Retype the whole listing exactly. Leave out pictures.

▶ _MATERIAL PROVIDED_
........

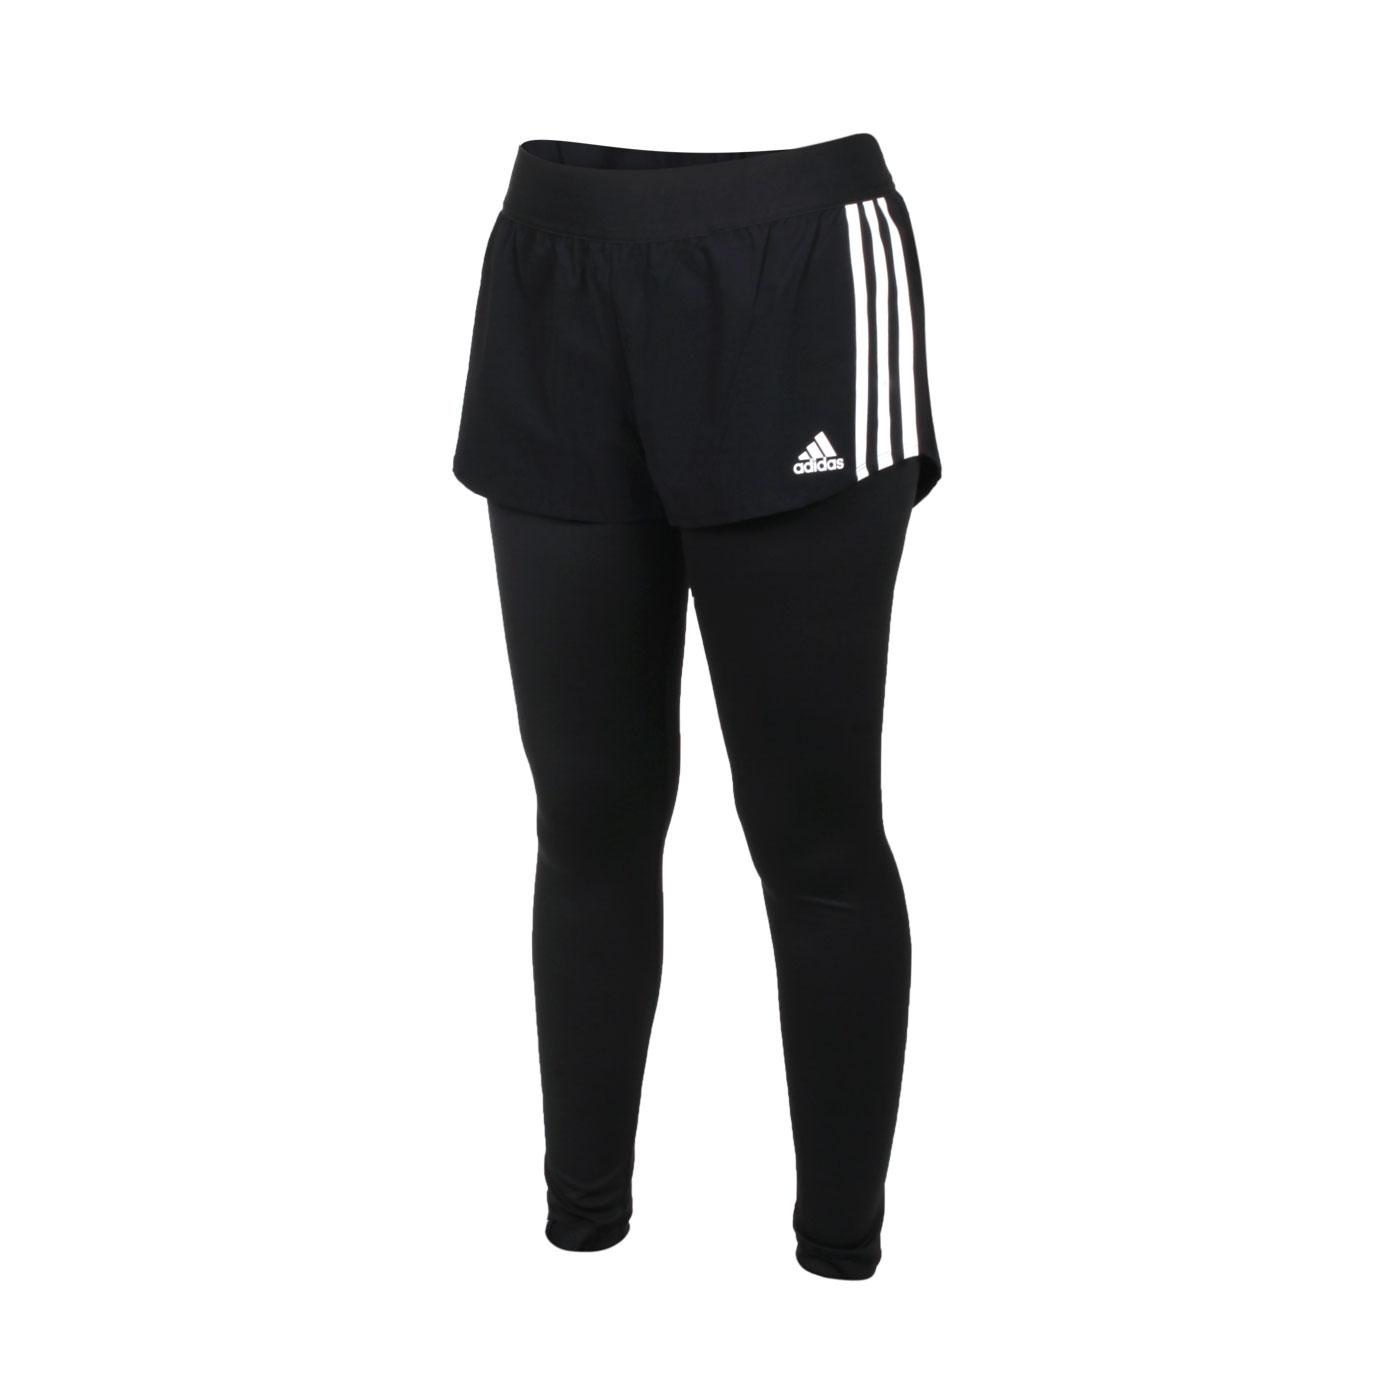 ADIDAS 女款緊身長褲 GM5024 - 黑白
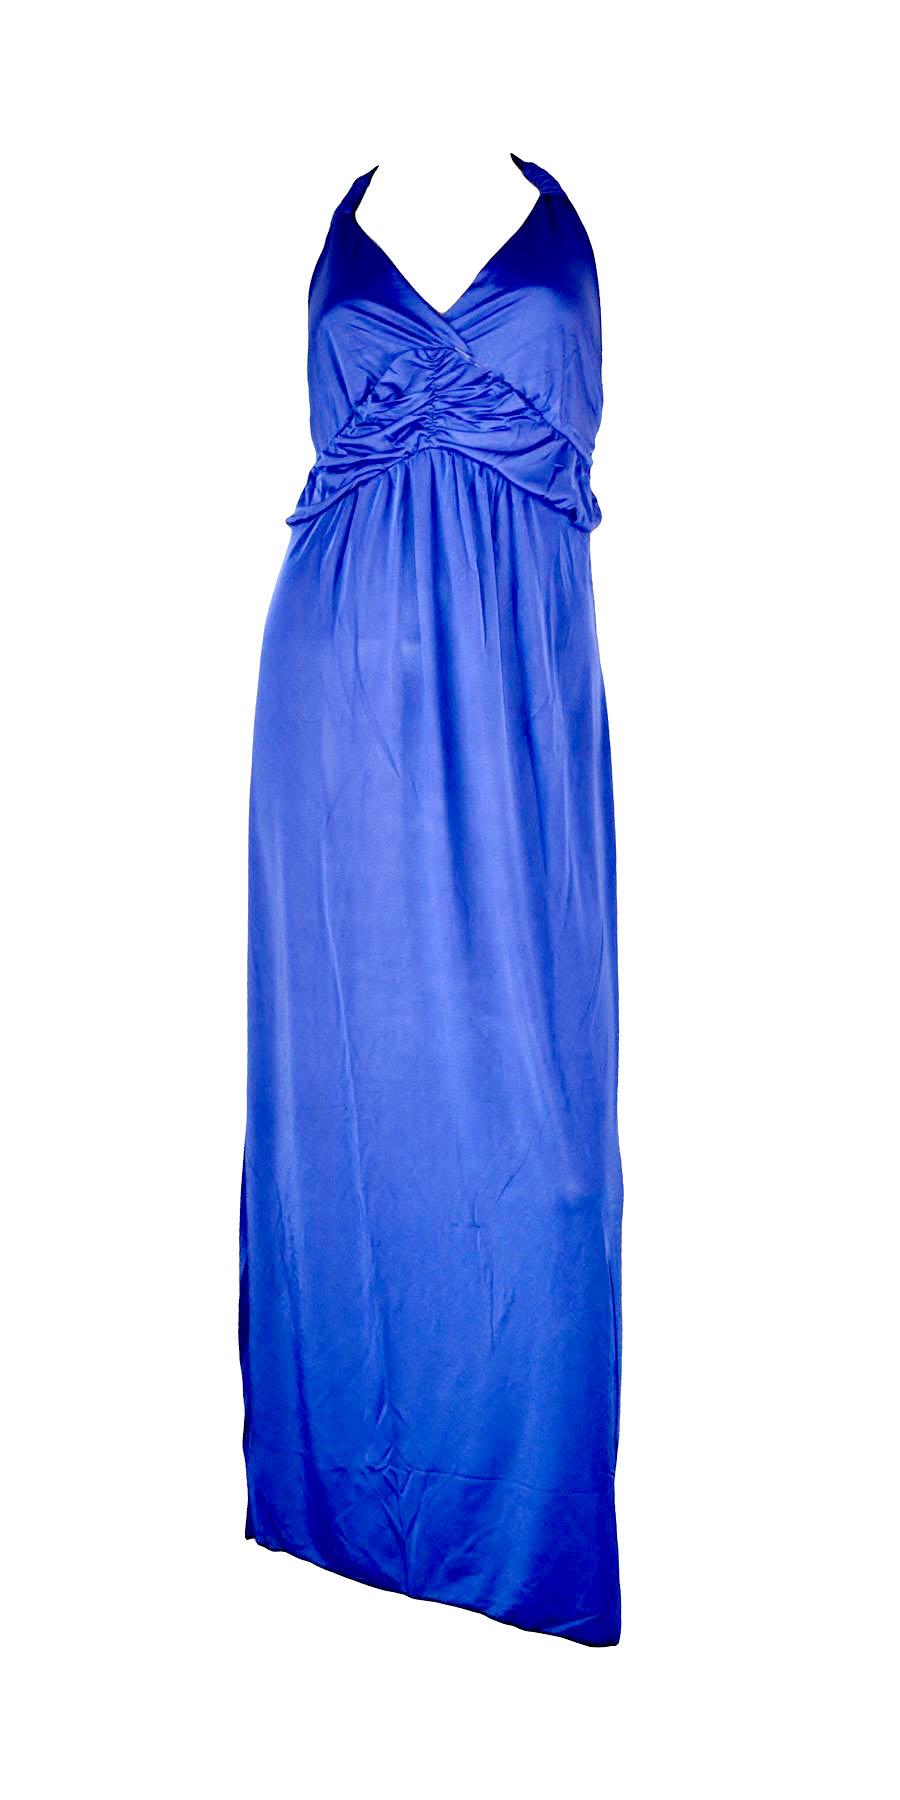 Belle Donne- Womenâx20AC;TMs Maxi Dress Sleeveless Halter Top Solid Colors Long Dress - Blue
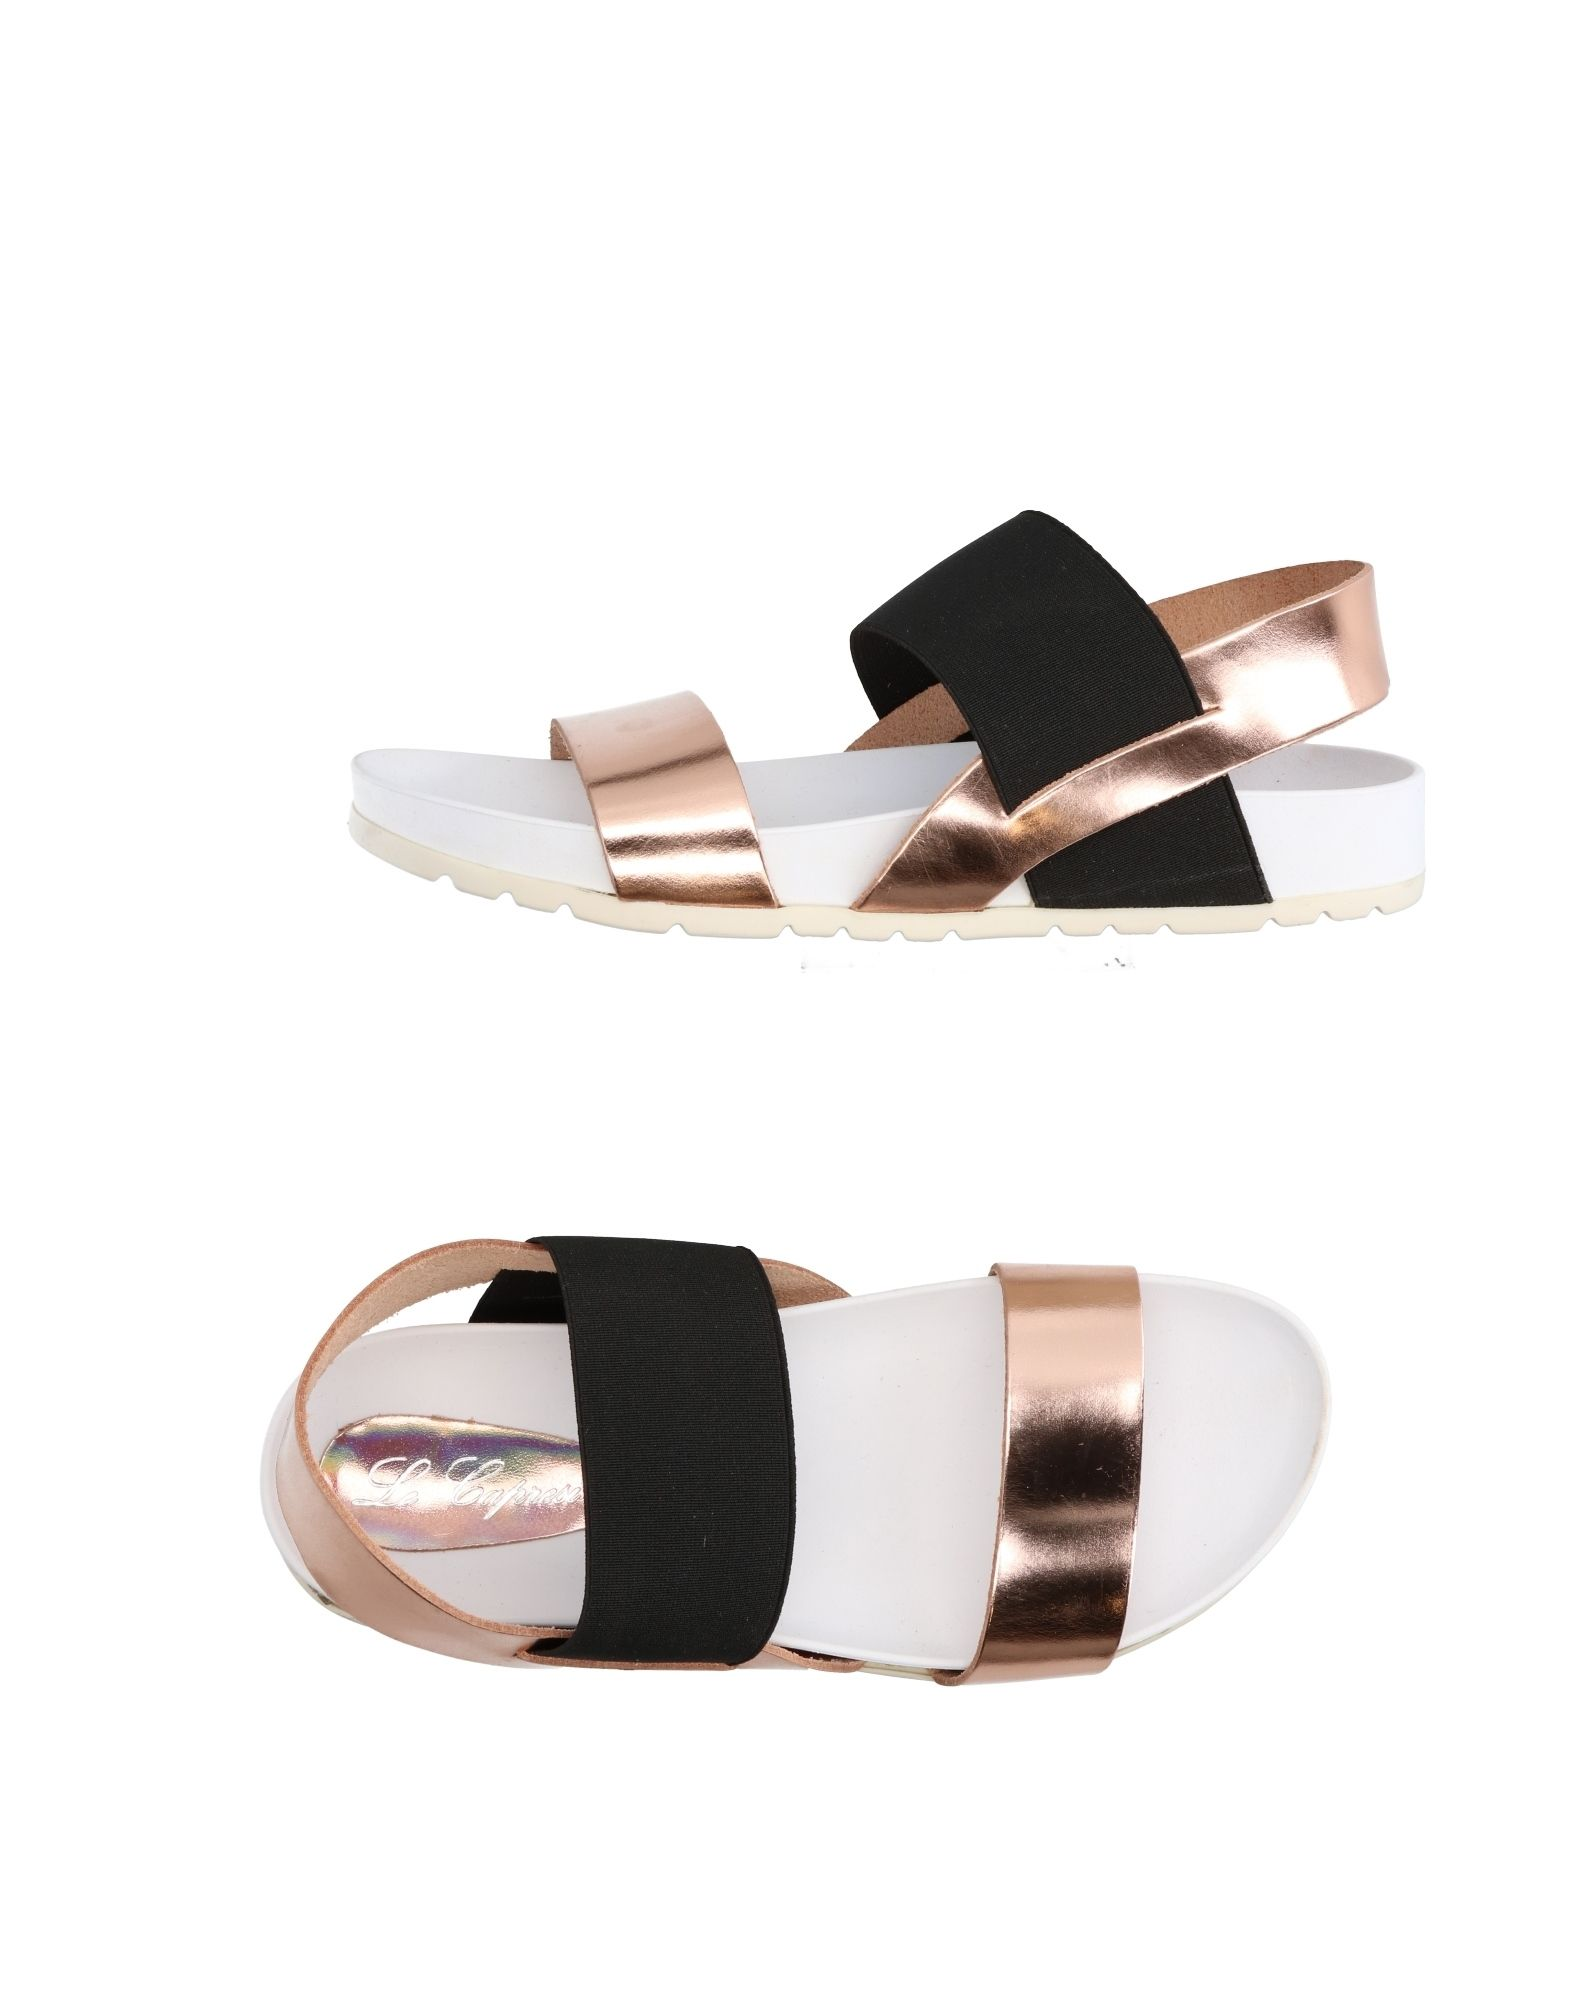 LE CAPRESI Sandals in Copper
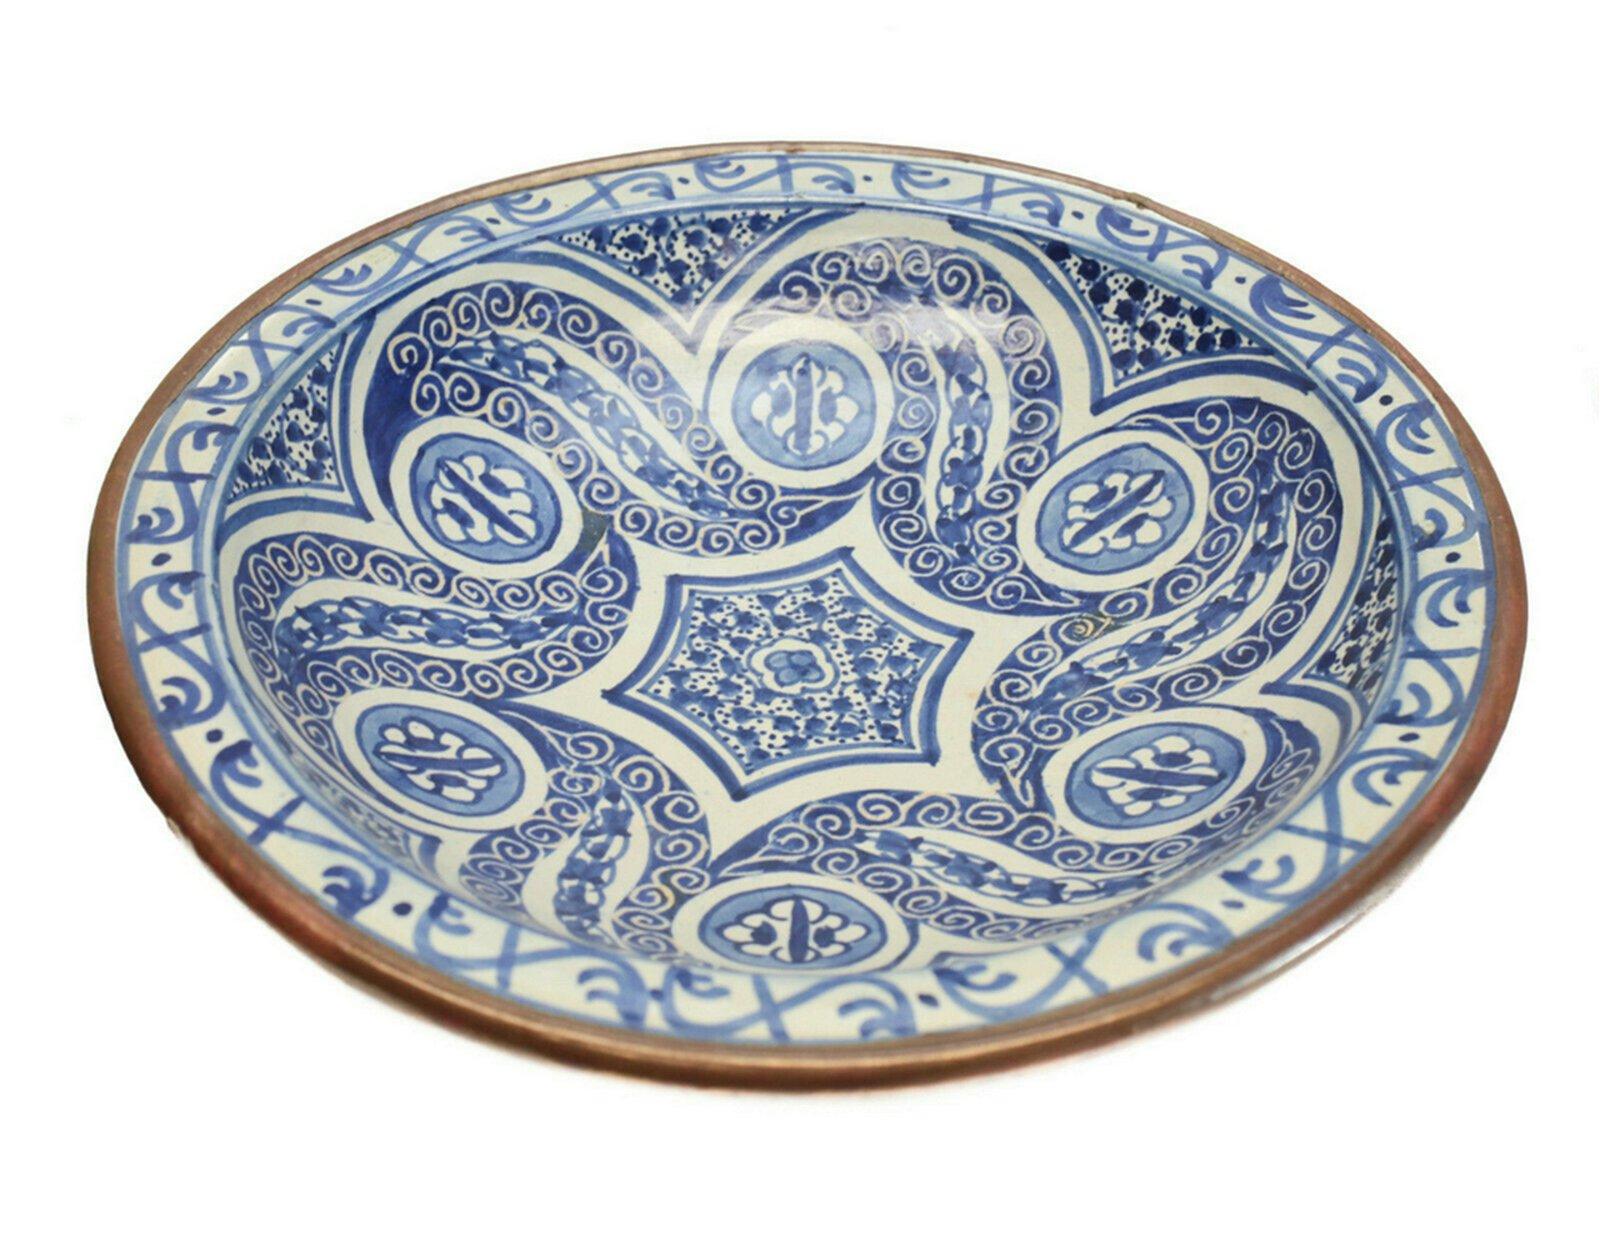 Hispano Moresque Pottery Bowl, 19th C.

........

▶ _YOUR SOLUTION_
 ADIDAS 女款緊身長褲 GM5024 - 黑白
 Belle Donne- Womenâx20AC;TMs Maxi Dress Sleeveless Halter Top Solid Colors Long Dress - Blue
 LE CAPRESI Sandals in Copper
 Hispano Moresque Pottery Bowl, 19th C.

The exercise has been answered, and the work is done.